哪怕異能特務科在這里,他給出的態度都不會這樣的好。而他目前之所以如此放低姿態,一方面是出于謹慎,另一方面則是他的猜測屬實,那么每一次與提瓦特的交流,說不定都是一場真真正正的外交行動。
“您能夠理解我,我很欣慰。”神里綾人笑了笑,他望了望窗外的夜色:“以示誠意,時間有限,您有什么想問的,我可以為您解答一二。”

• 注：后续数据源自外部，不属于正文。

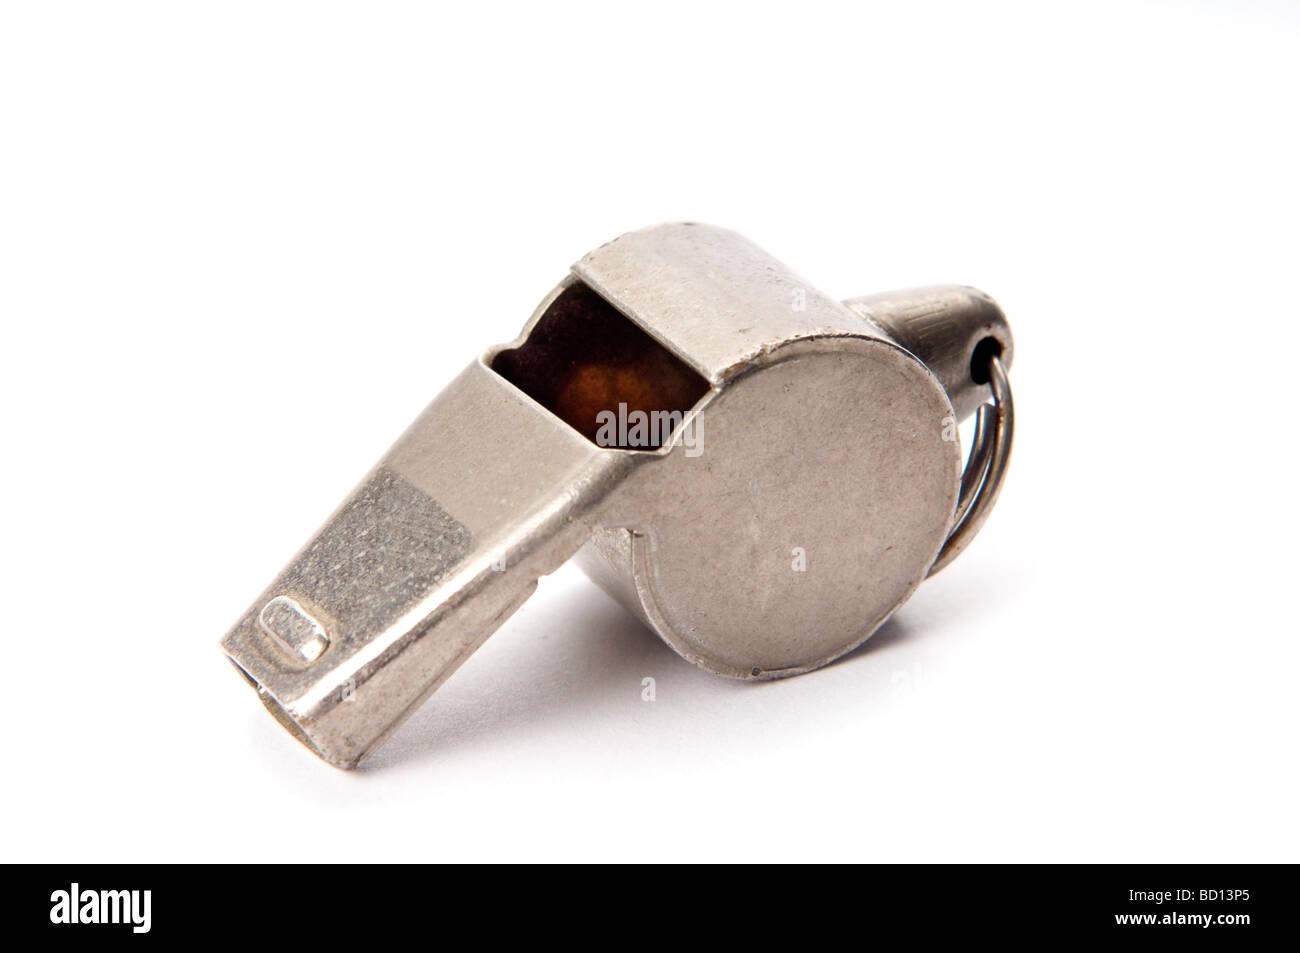 old whistle on white - Stock Image

“哈有這個必要嗎”流浪者坐直身體,蹙眉看了眼自己的同伴:“我說過,就算沒有這些亂七八糟的合作對象,對我們來說也構不成什么問題吧。”
“對方既然愿意拿出好的態度,我們也沒必要咄咄逼人。”神里綾人溫和地為自己同伴解釋了一句,他重新看向森鷗外,彎了彎眼睛:“那么,您的第一個問題是”
“提瓦特究竟是什么”森鷗外沒有過多猶豫地開口道,似乎心中早已擬好了這個問題。
“如您所見,我們的存在,如果深究起來,與異能特務科之類的組織也沒什么區別。只是,我們不僅僅代表著一個國家,而是代表了一整個世界。”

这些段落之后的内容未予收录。